Differential SfM and Image Correction for a Rolling Shutter Stereo Rig

IVC 2022

Bin Fan, Yuchao Dai, Zhiyuan Zhang, Ke Wang

School of Electronics and Information, Northwestern Polytechnical University, Xi'an, China

Abstract

Most modern consumer-grade cameras are equipped with an electronic rolling shutter (RS), leading to image distortions when the camera moves during image acquisition. We explore the first structure and motion estimation problem of a dynamic generalized RS stereo camera. Such a general configuration is commonplace in robots and autonomous driving applications. We propose a tractable RS stereo differential structure from motion (SfM) algorithm, taking into account the RS effect during consecutive imaging, which effectively compensates for the RS-stereo image distortion by a linear scaling operation on each optical flow. We further propose embedding the cheirality into RANSAC and develop a robust RS-stereo-aware full-motion estimation framework. We demonstrate that the RS stereo motion and depth map refined by our non-linear optimization schemes within the maximum likelihood criterion can be used for image correction to recover high-quality global shutter (GS) stereo images. Moreover, using the proposed generalized RS stereo differential SfM pipeline, the corrected images produce an accurate 3D scene structure as the ground-truth structure. Extensive experiments on both synthetic and real RS stereo data demonstrate the effectiveness of our model and method in various configurations.

Contribution

We develop a simple and flexible generalized RS stereo differential SfM algorithm over two consecutive frames, and propose imposing the cheirality to reach a robust RANSAC-based RS stereo motion estimation pipeline.
We propose two effective and efficient RS-stereo non-linear optimization techniques based on the maximum likelihood criterion to refine the camera relative pose.
We advance an RS-stereo image correction method to remove the inaccuracies induced by the RS effect, which can produce an accurate 3D scene geometry as the ground-truth.
The proposed model and method are universal and tractable. It neither forces identical specifications of the RS stereo rig nor requires strict time synchronization and scanline alignment between left and right RS cameras.
Extensive experiments on both simulated data and synthetic RS stereo images show the effectiveness and robustness of our proposed method.

Illustration of the generalized RS stereo configuration

Illustration of the exposure, readout, idle, and delay mechanisms of the generalized RS stereo camera across two consecutive frames. The sensor is exposed and read out row by row at a constant speed. Assuming the camera exposure is instantaneous, the frame time $\tau_i$ includes readout time $\tau^a_i$ and idle time $\tau^b_i$ in the single RS camera $i=l,r$. Moreover, there is a calibrated delay time $\tau^d$ between the exposure start times of left and right cameras.
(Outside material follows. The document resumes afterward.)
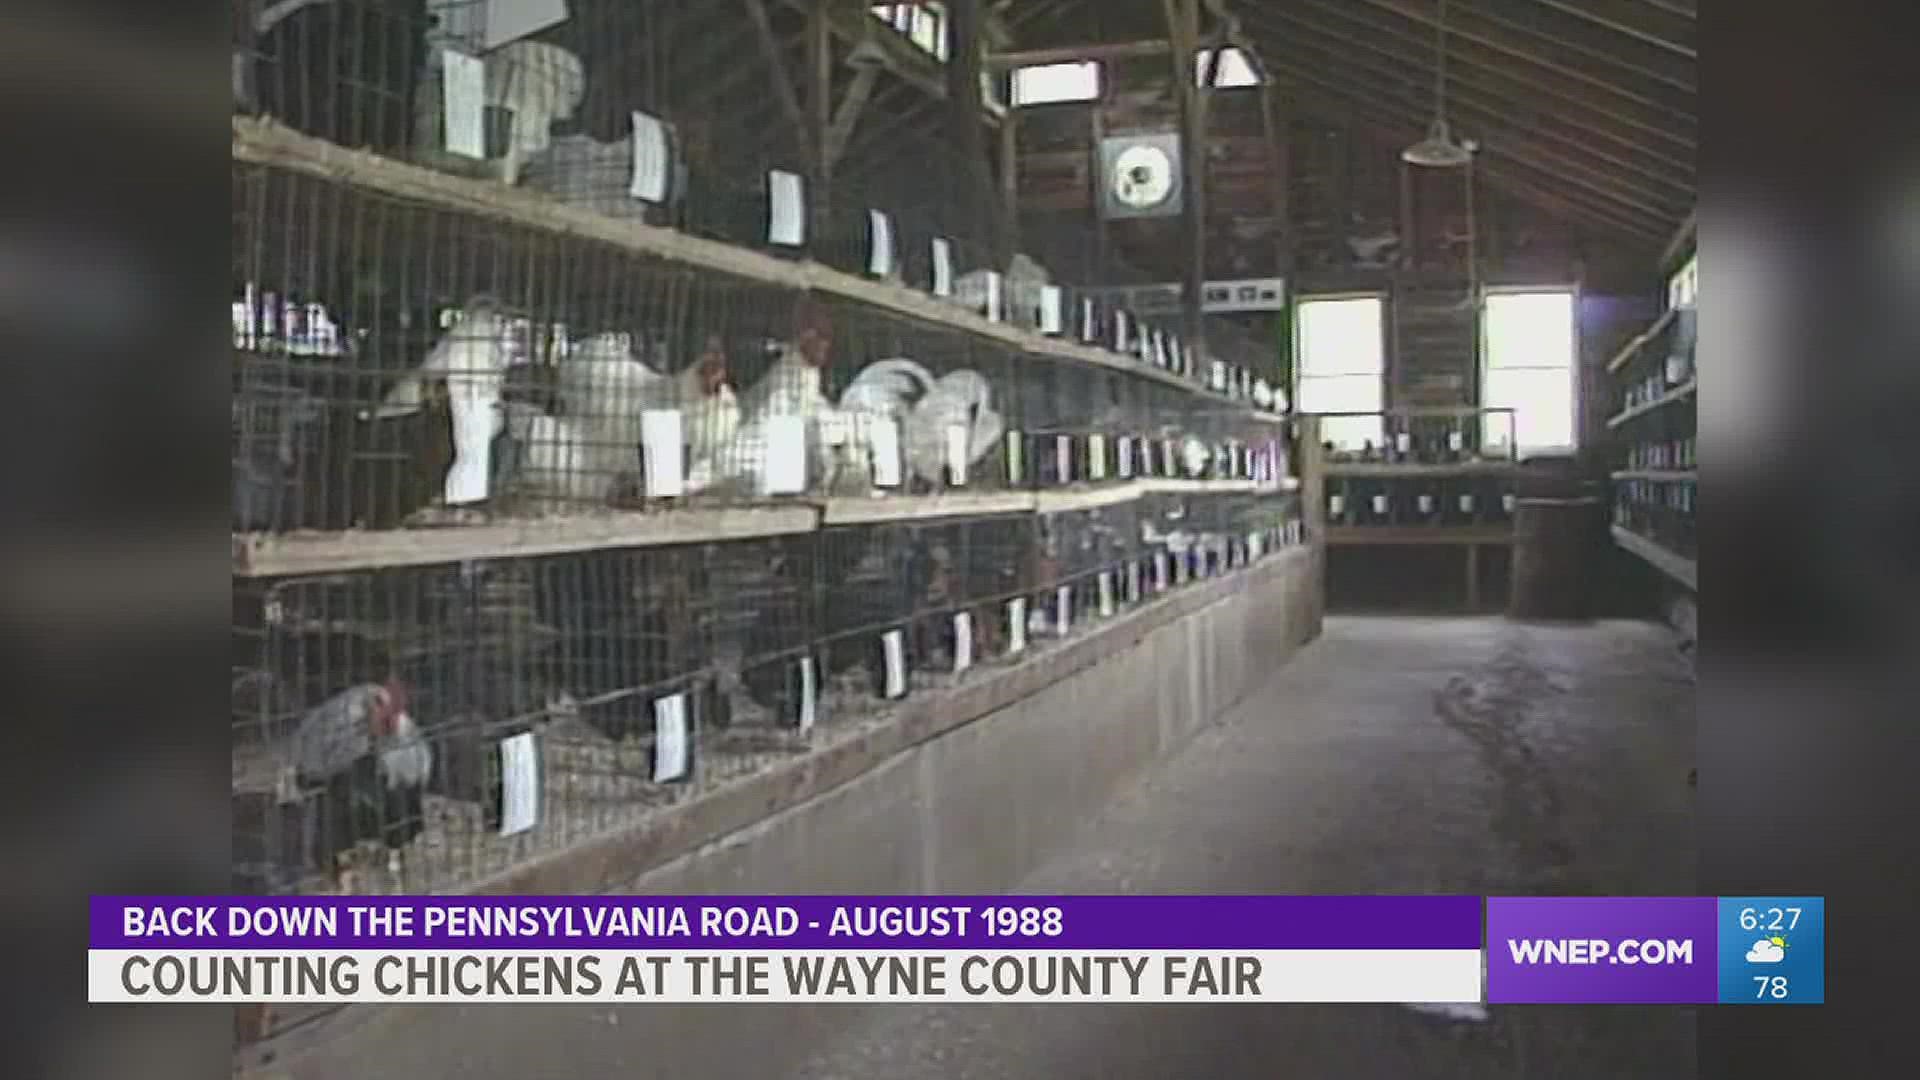 Mike shows us some of the featured fowl at the Wayne County Fair back in 1988.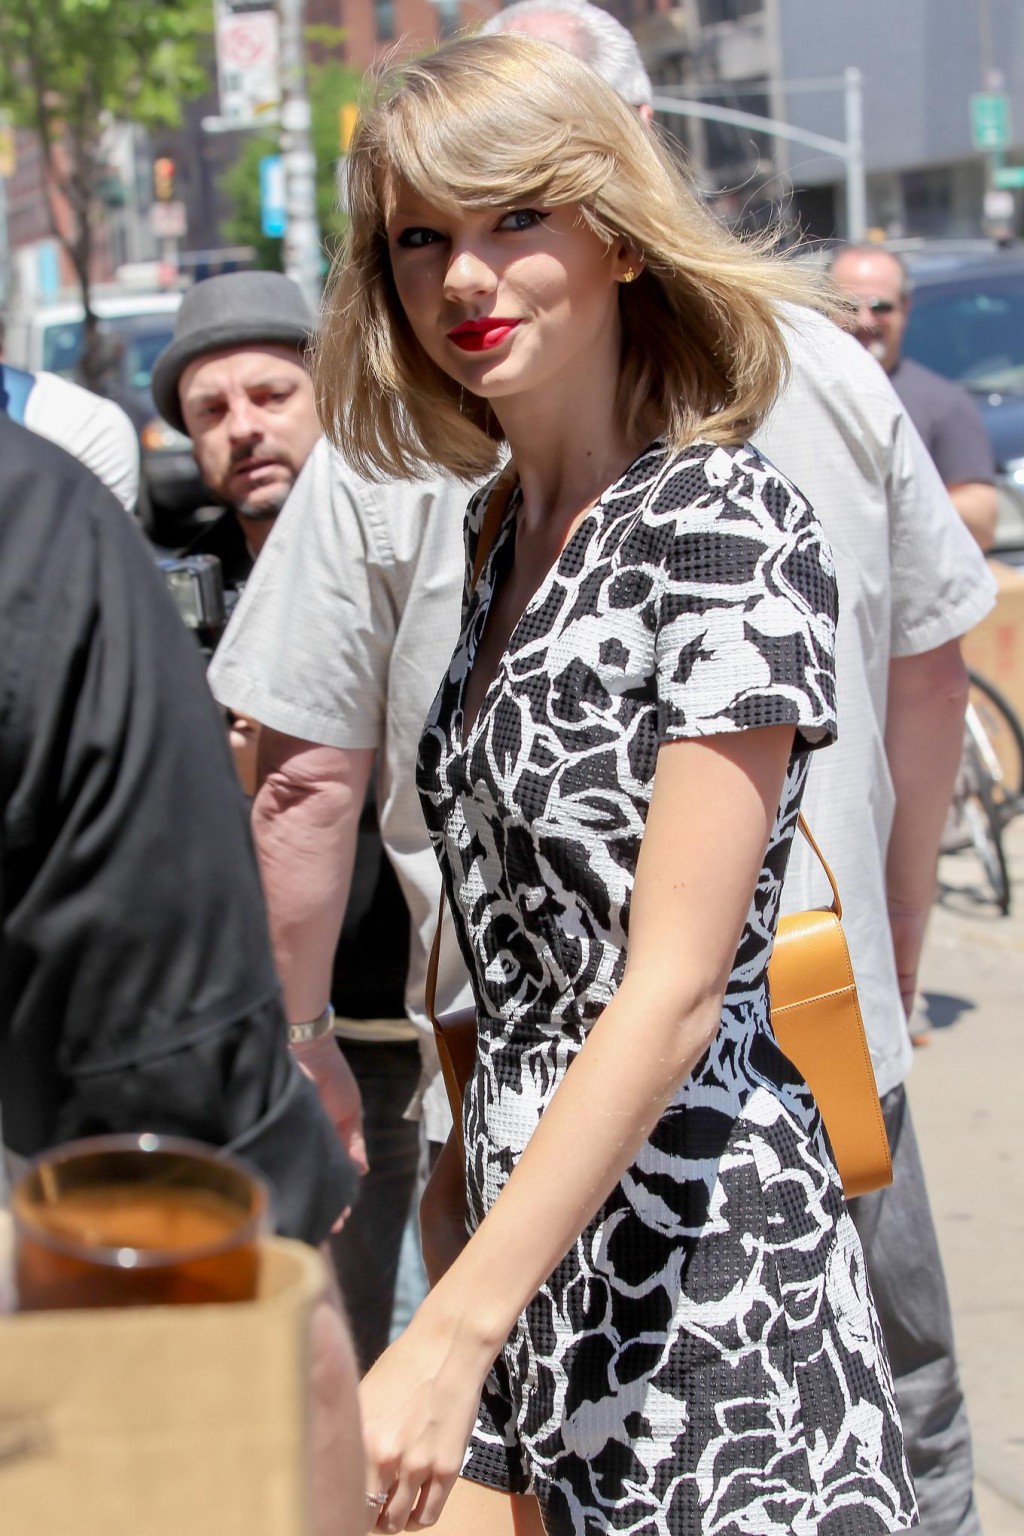 Taylor Swift leggy wearing a monochorome romper suit out in NYC #75196089

Overview of our generalized RS-stereo differential SfM and image correction pipeline

From two consecutive general RS stereo images (a), we establish a generalized RS stereo model to robustly recover the RS stereo motion (b) and the 3D scene structure (c), and then achieve high-quality RS stereo correction (d), in which the red tilted poles in the foreground are repaired. Note that we are only showing an example for standard RS stereo images here.

Quantitative comparison

Quantitative evaluation for generalized RS stereo configuration under various settings: (a) varying the image resolution of the right RS camera, (b) varying the FPS of the right RS camera, (c) varying the exposure delay time of the right RS camera, (d) randomly varying the image resolution, FOV, and readout time ratio of the right RS camera separately.

Qualitative comparison on synthetic data

Qualitative results on synthetic data with various RS stereo configurations. In the first two columns, we show both left and right RS images to illustrate the generality of our RS stereo configuration. The last two columns represent the residual images, i.e., the absolute difference between the original or corrected RS image and the ground-truth GS image. From top to bottom: (a) Standard RS stereo camera with the same orientation. (b) RS stereo camera with a vertical orientation. (c) RS stereo camera with opposite orientation. (d) The right camera has a higher frame rate of 60Hz. (e) The right camera delays exposure by 1/60 seconds. (f) The right camera has a larger image resolution of 1200$\times$1200. It demonstrates that our method has excellent performances for varying setups in removing RS distortion and estimating RS depth maps, showing as darker residual images in the last column. Images have been scaled for visualization.

Qualitative results on real data

Qualitative results on real data collected by a UAV. Our method is effective to reconstruct the accurate 3D structure and remove the undesired RS distortion for the generalized RS stereo configuration in practice.